Goal of the exercise: Only the lines from the one with "Strawberry Almond Jam" through the end of the data below belong in the answer, restated word for word, pictures excluded.

Dataset content:
╭──
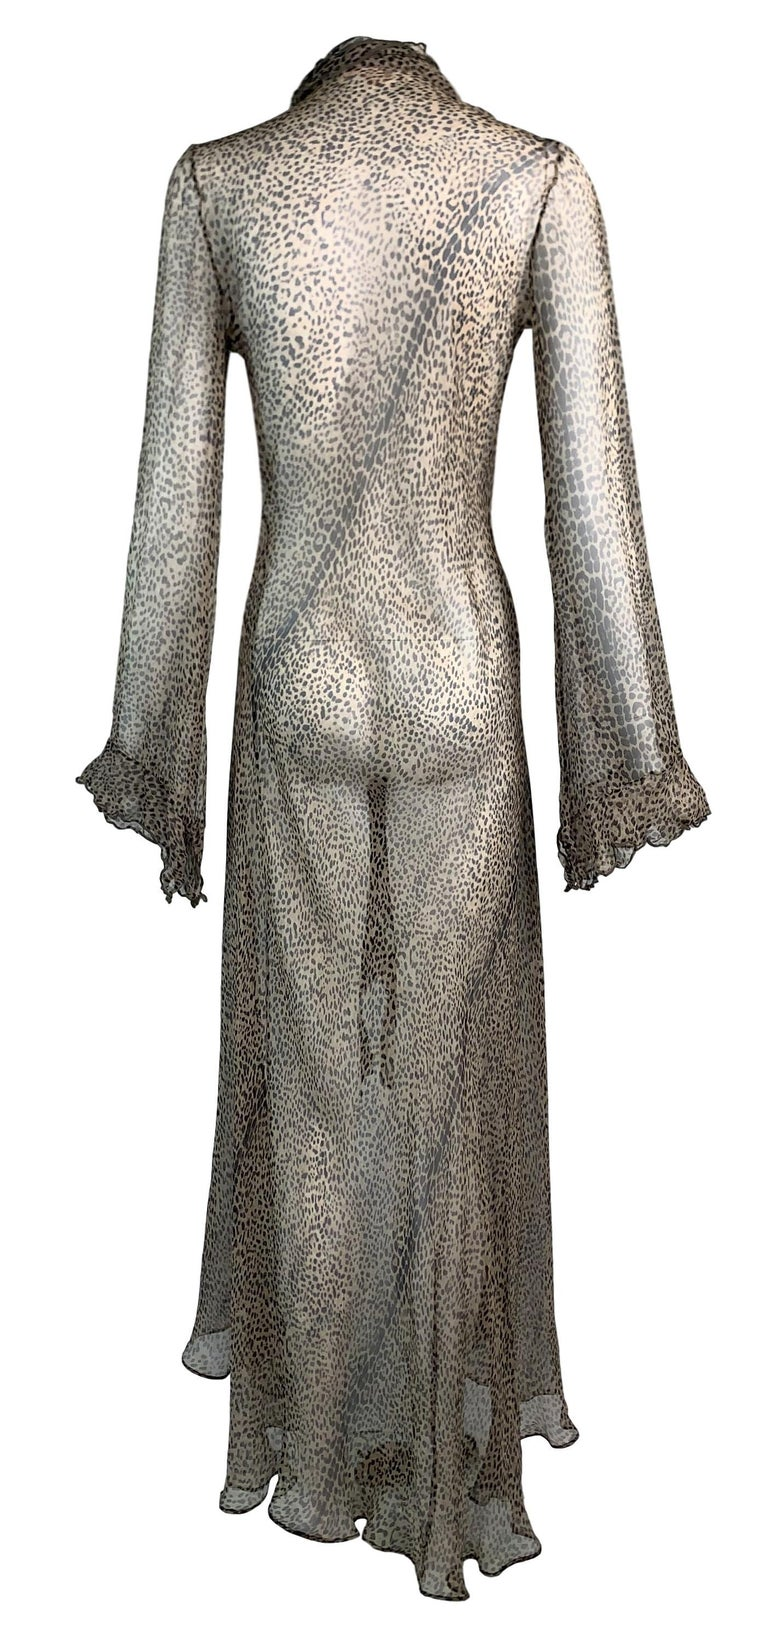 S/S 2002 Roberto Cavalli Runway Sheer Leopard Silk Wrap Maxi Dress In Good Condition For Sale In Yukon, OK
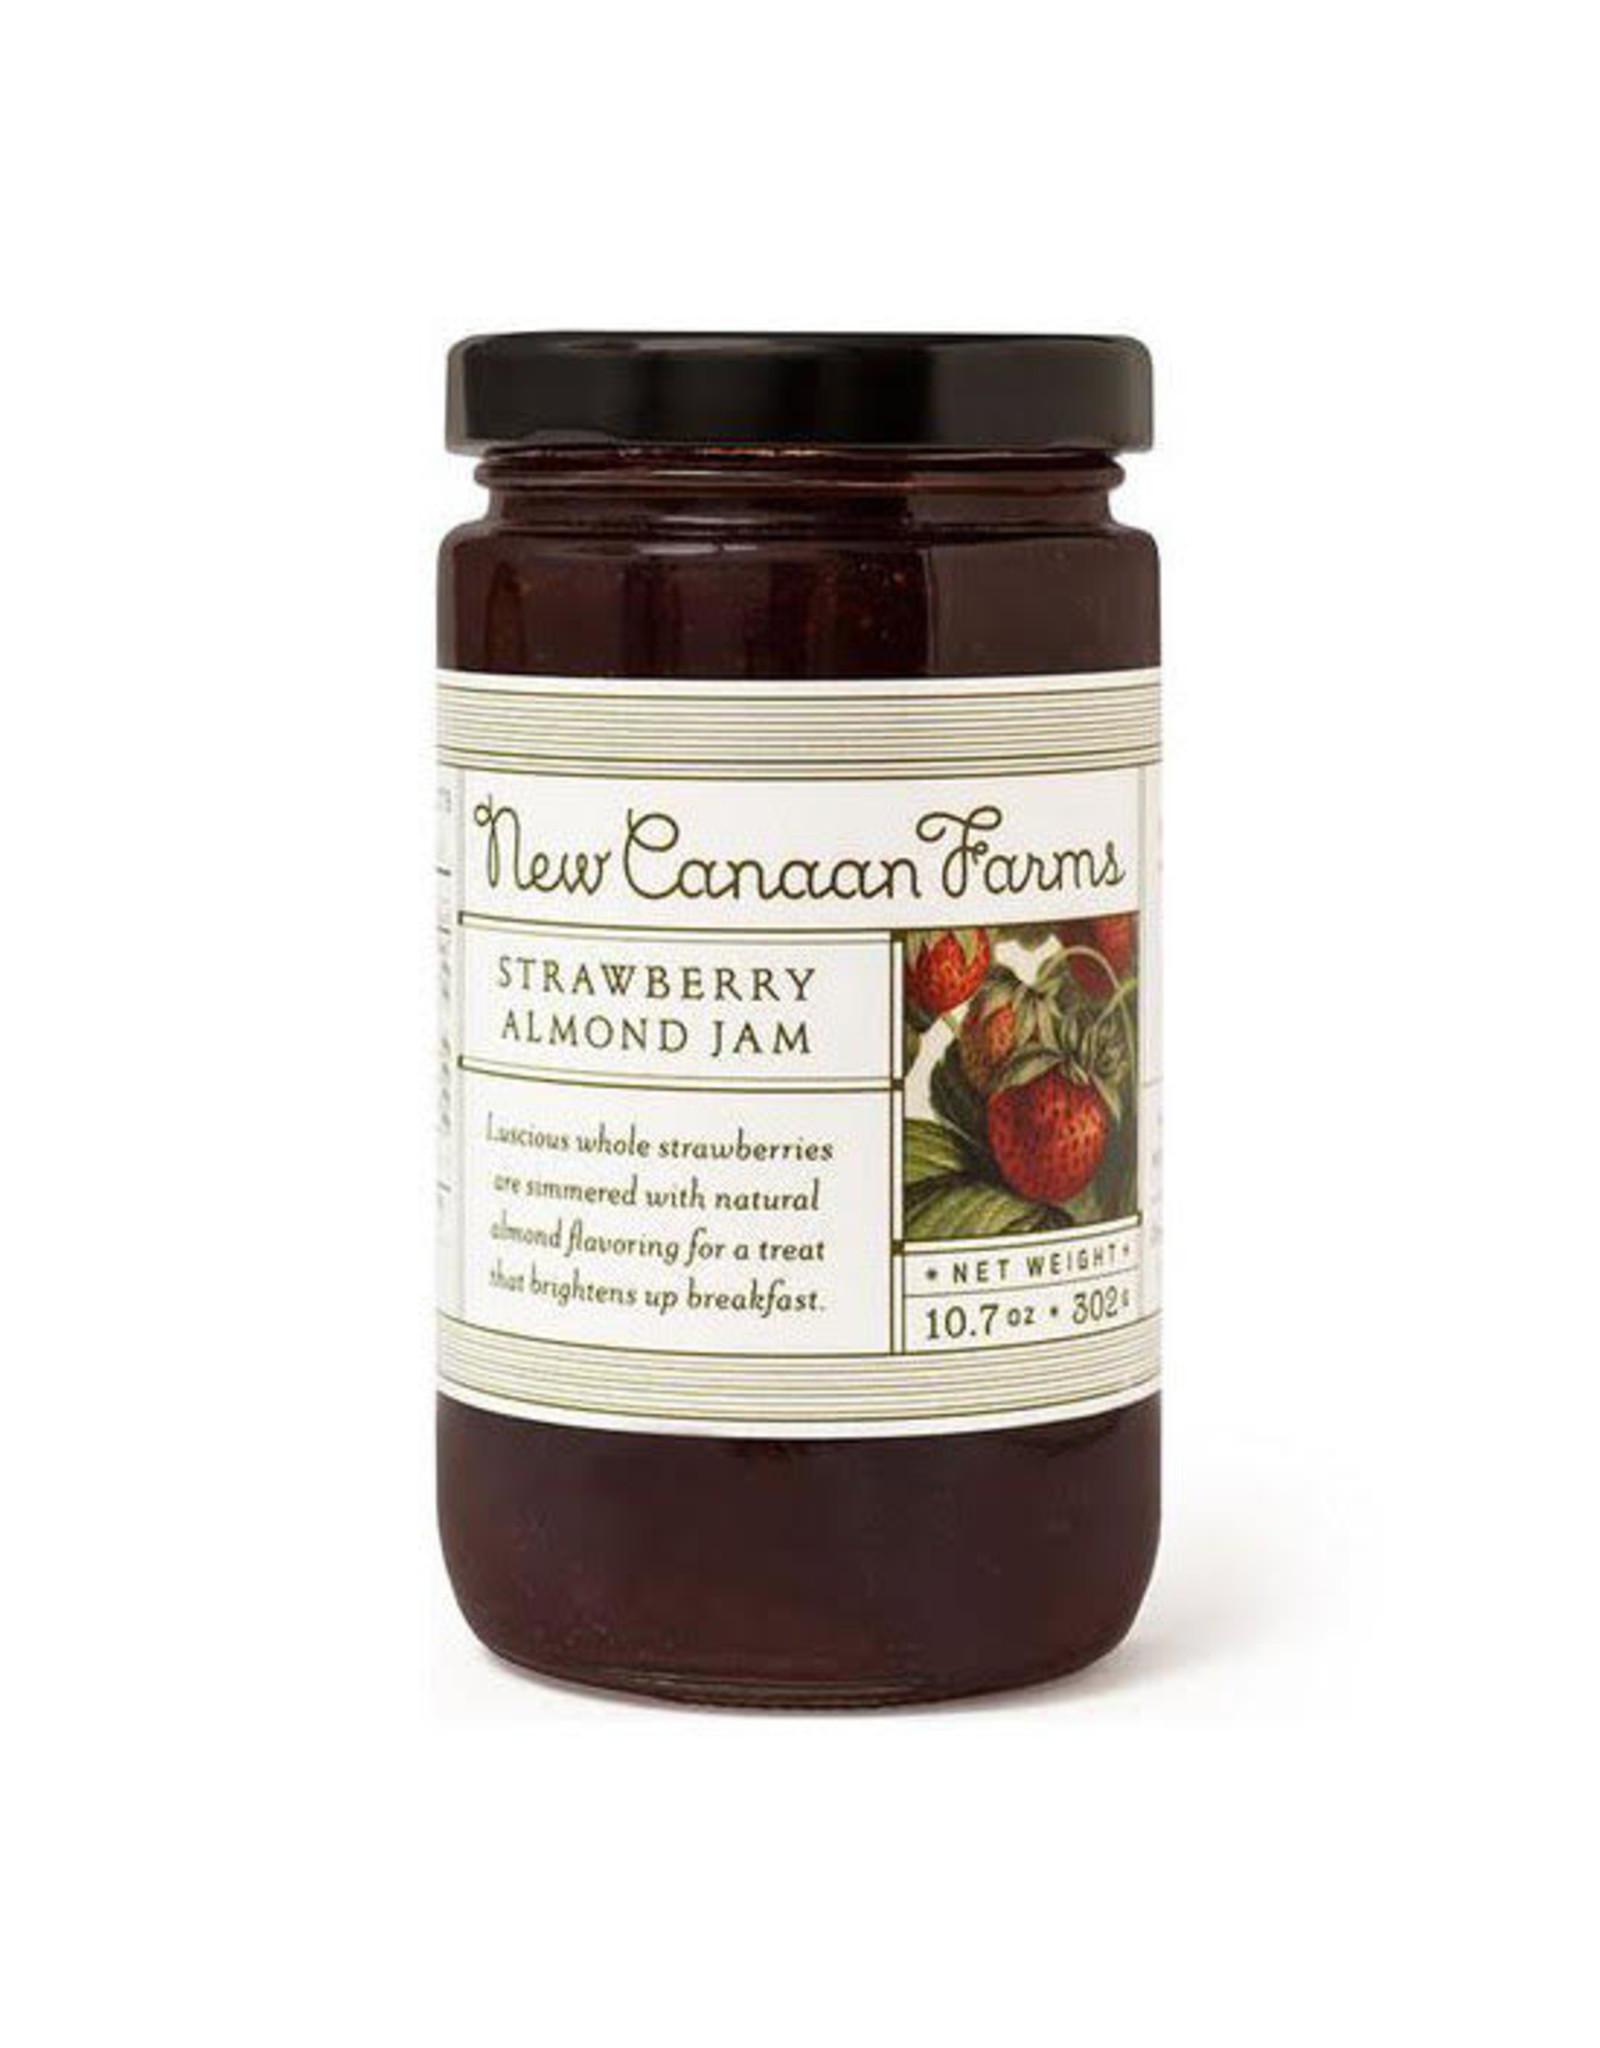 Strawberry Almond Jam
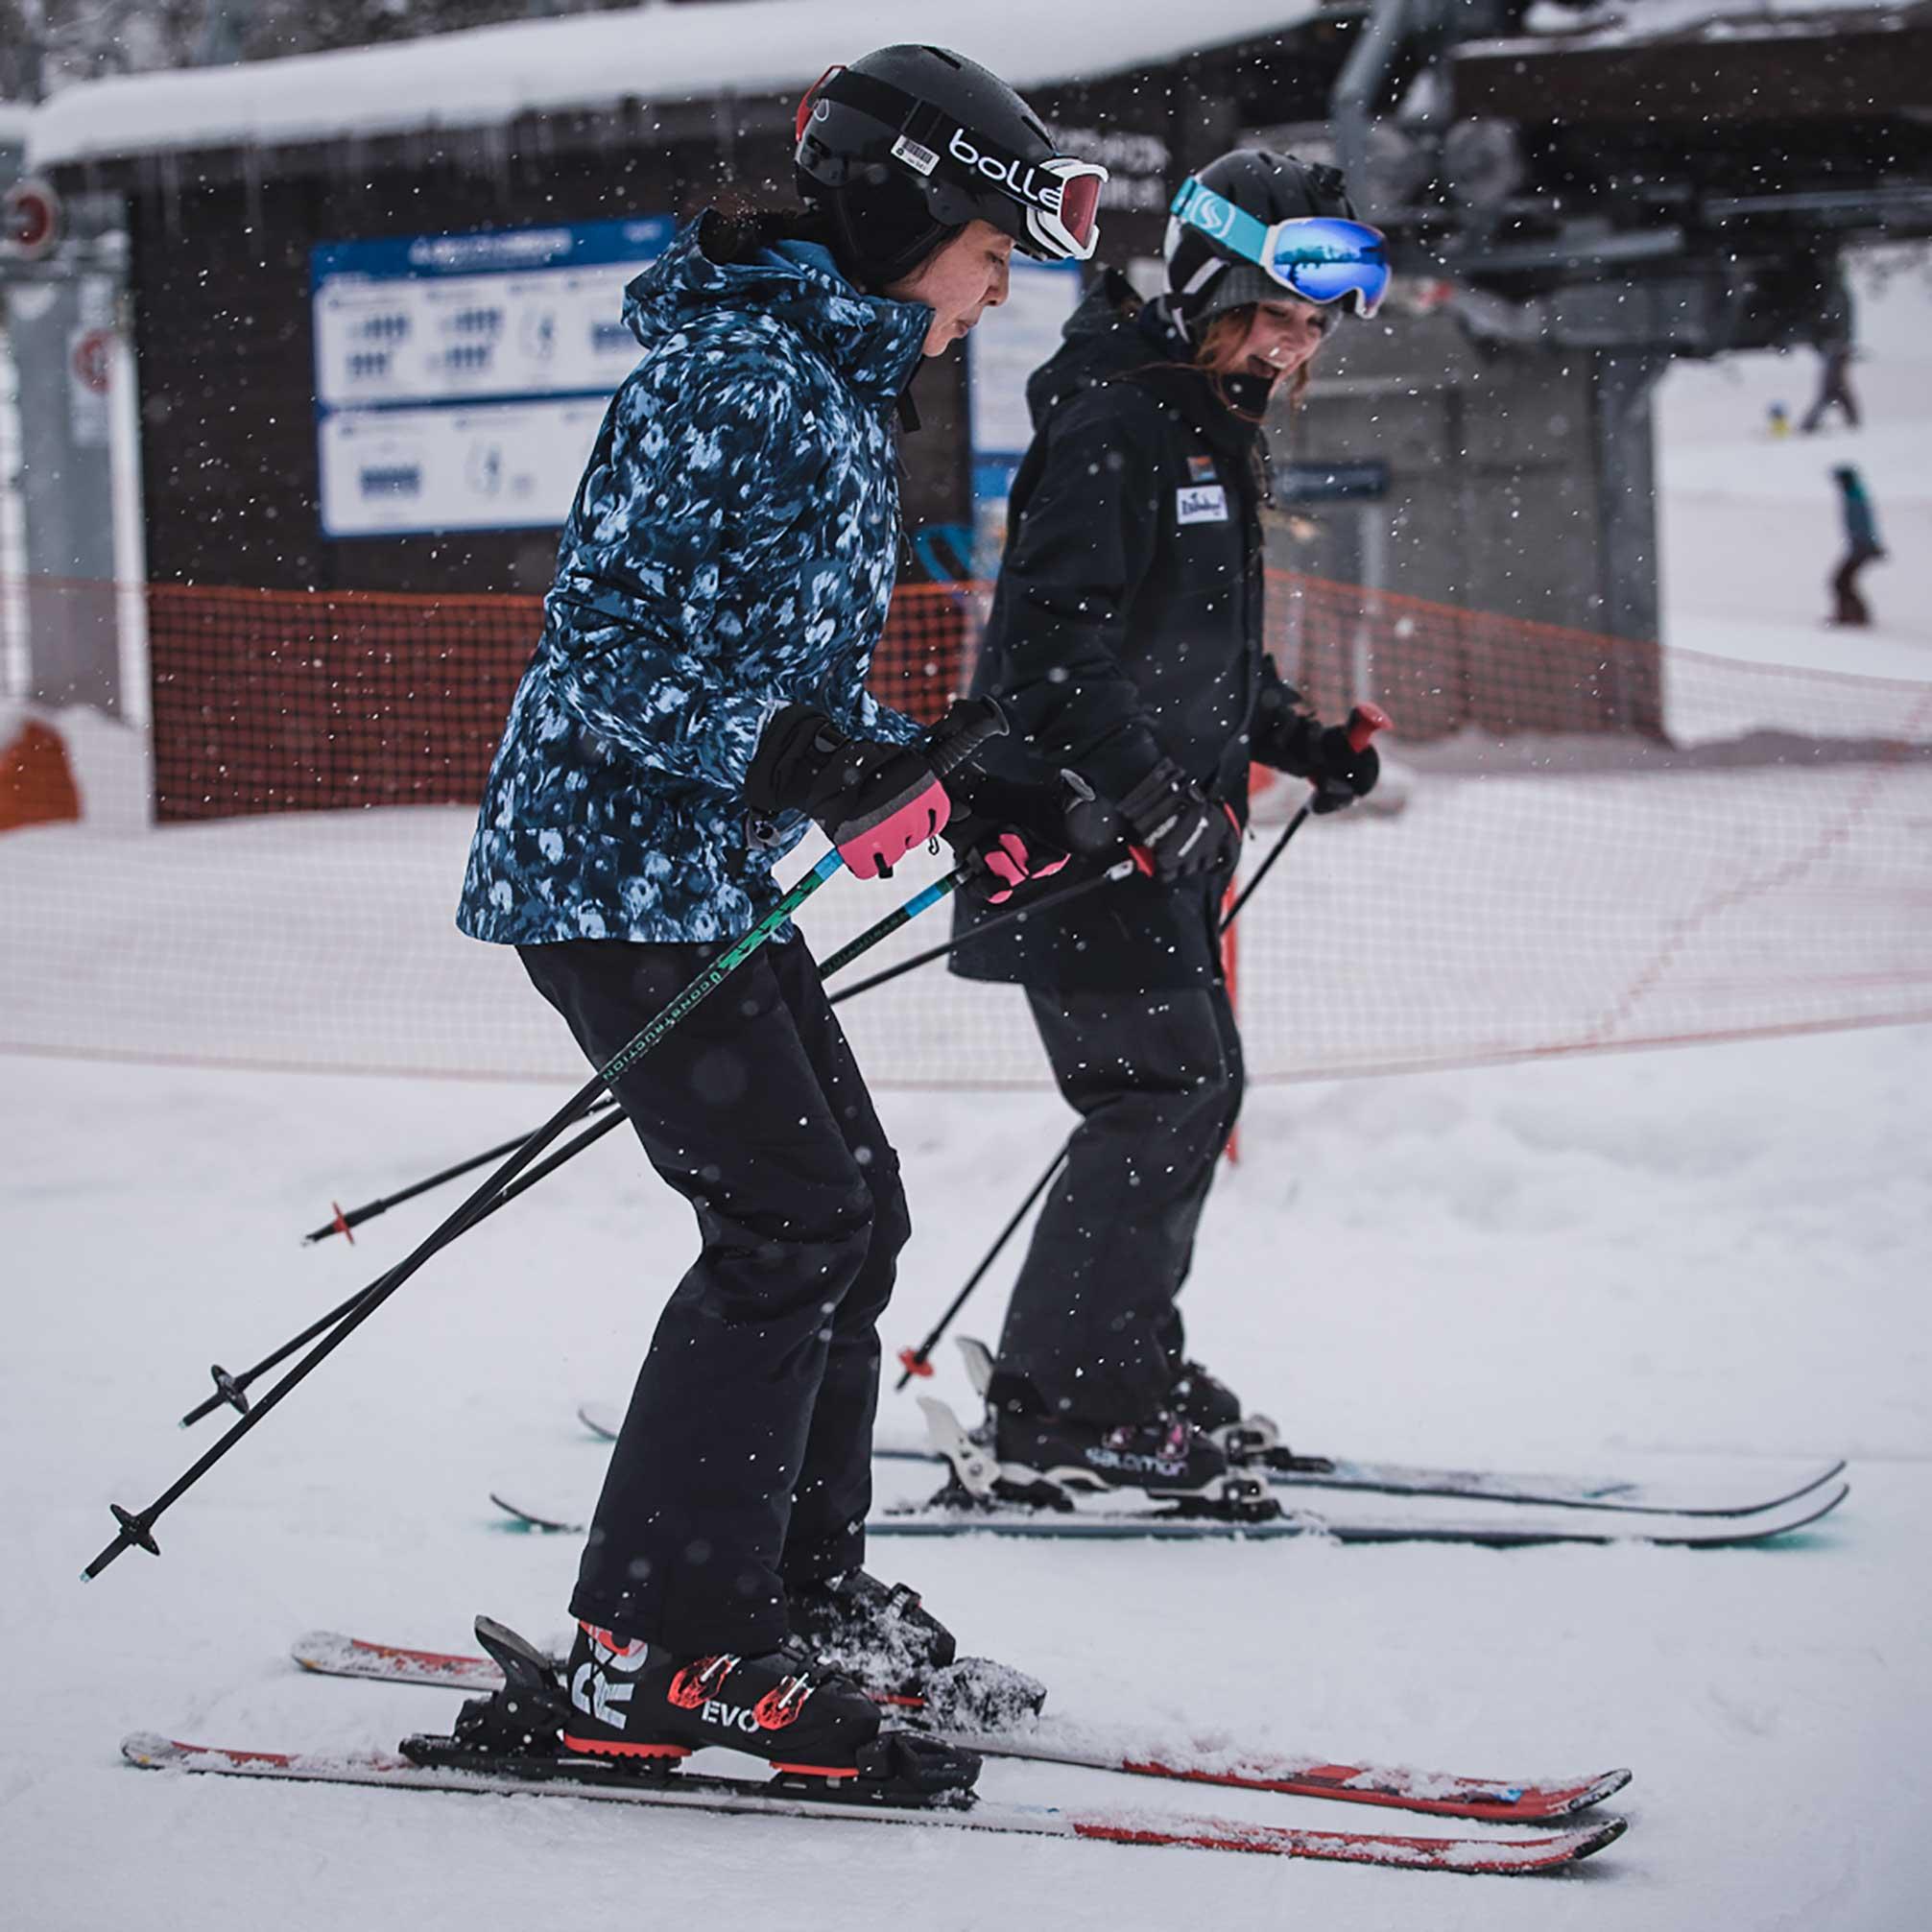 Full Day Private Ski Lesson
╰──
Output below:
 Strawberry Almond Jam
 Full Day Private Ski Lesson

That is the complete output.